» Exercise requirements
Omit every picture and return the rest of the data unaltered.

» Raw data
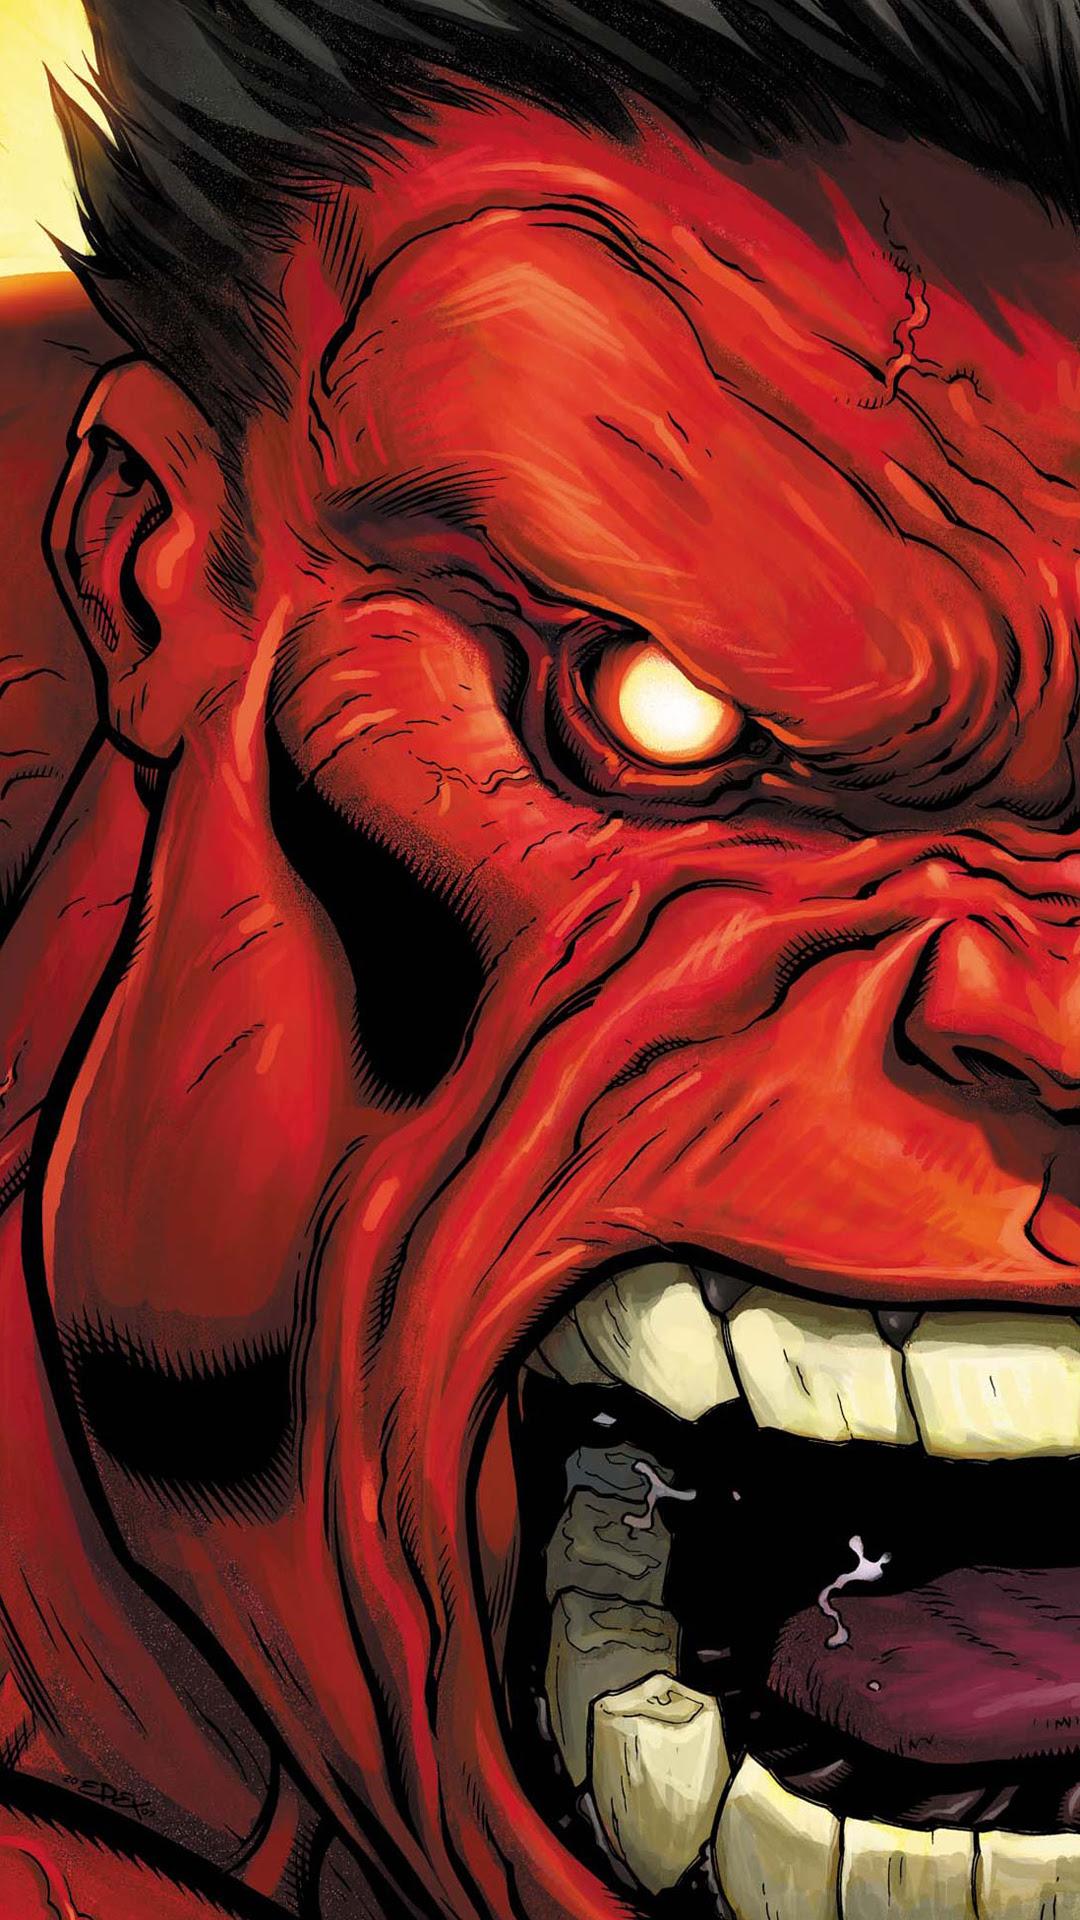 Hulk red face HTC hd wallpaper - Best htc one wallpapers
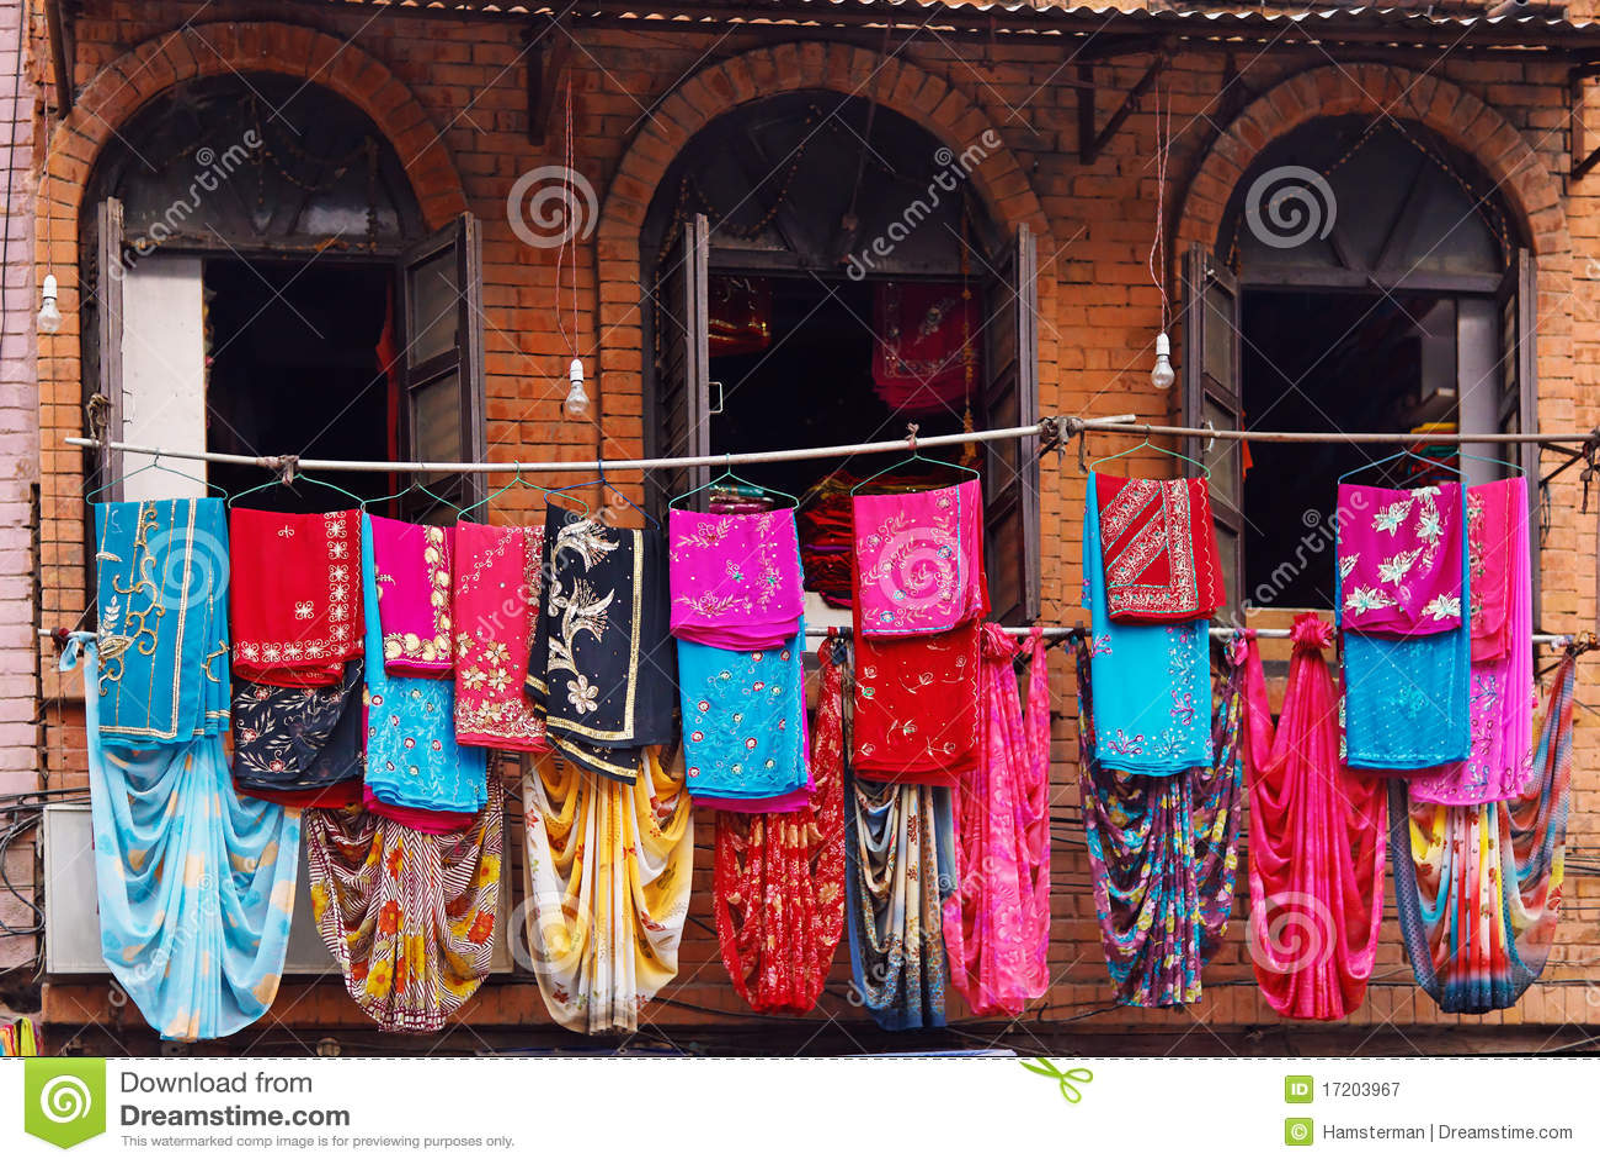 Nepal clothing store
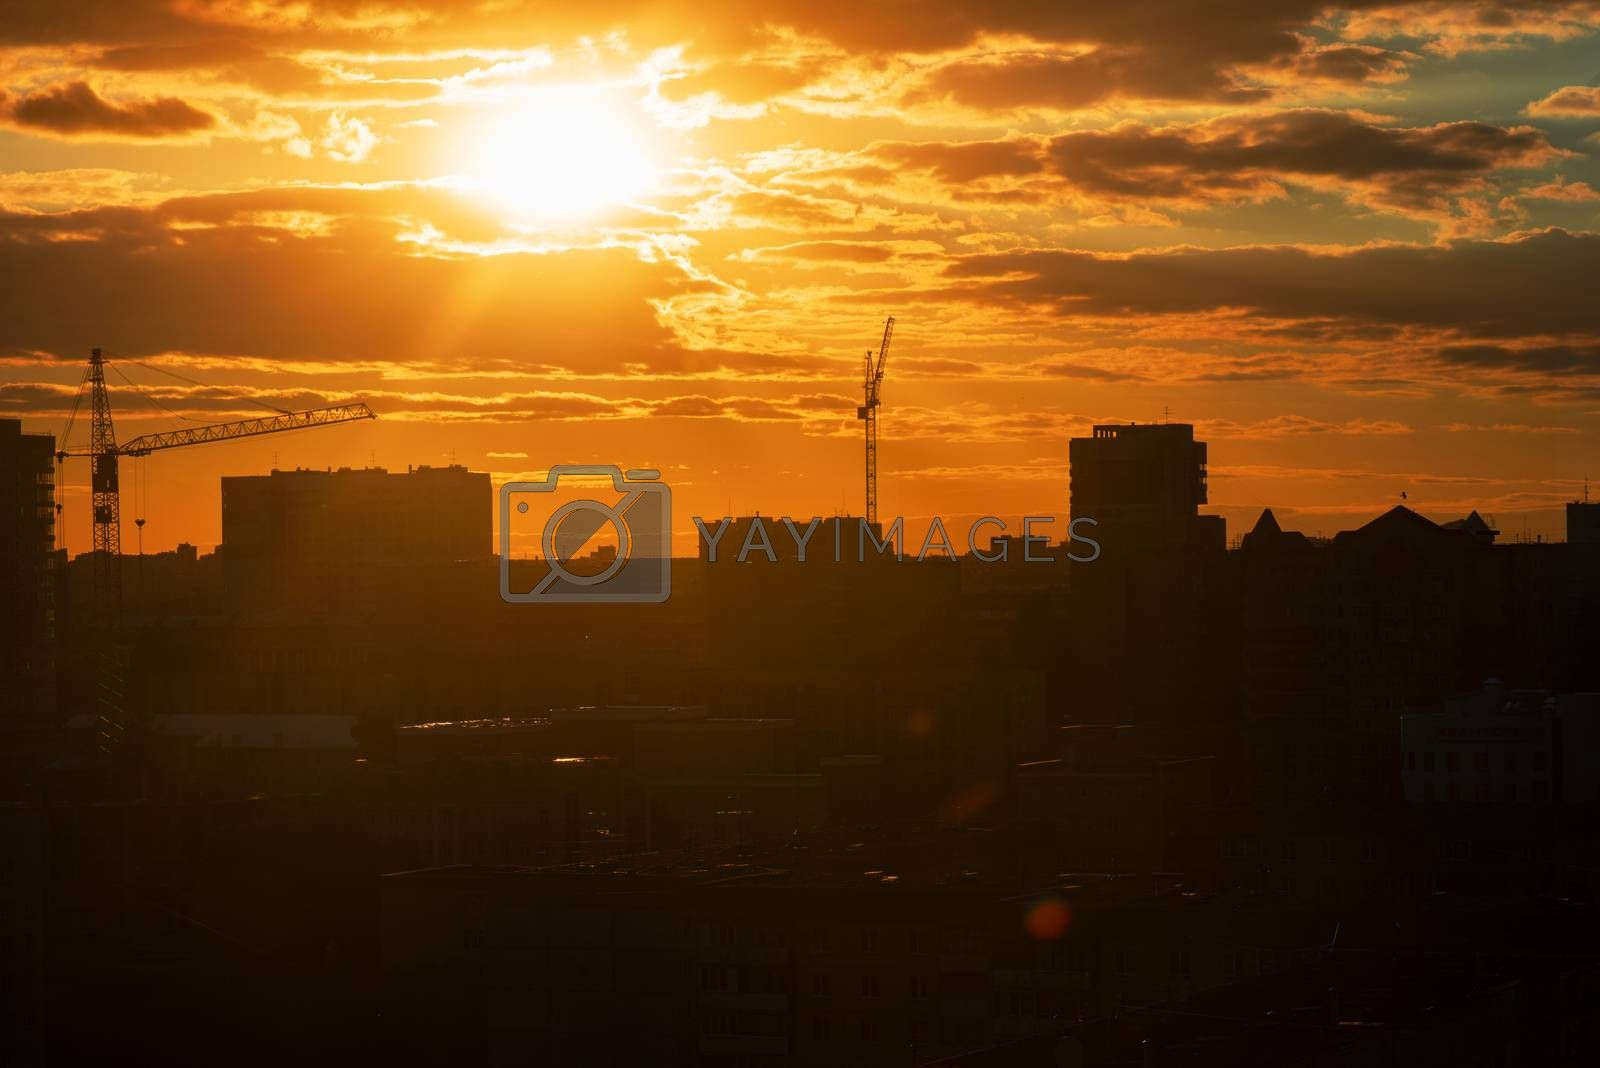 Evening photo of city, beauty summer sunset

» Answer box
 Hulk red face HTC hd wallpaper - Best htc one wallpapers
 Nepal clothing store
 Evening photo of city, beauty summer sunset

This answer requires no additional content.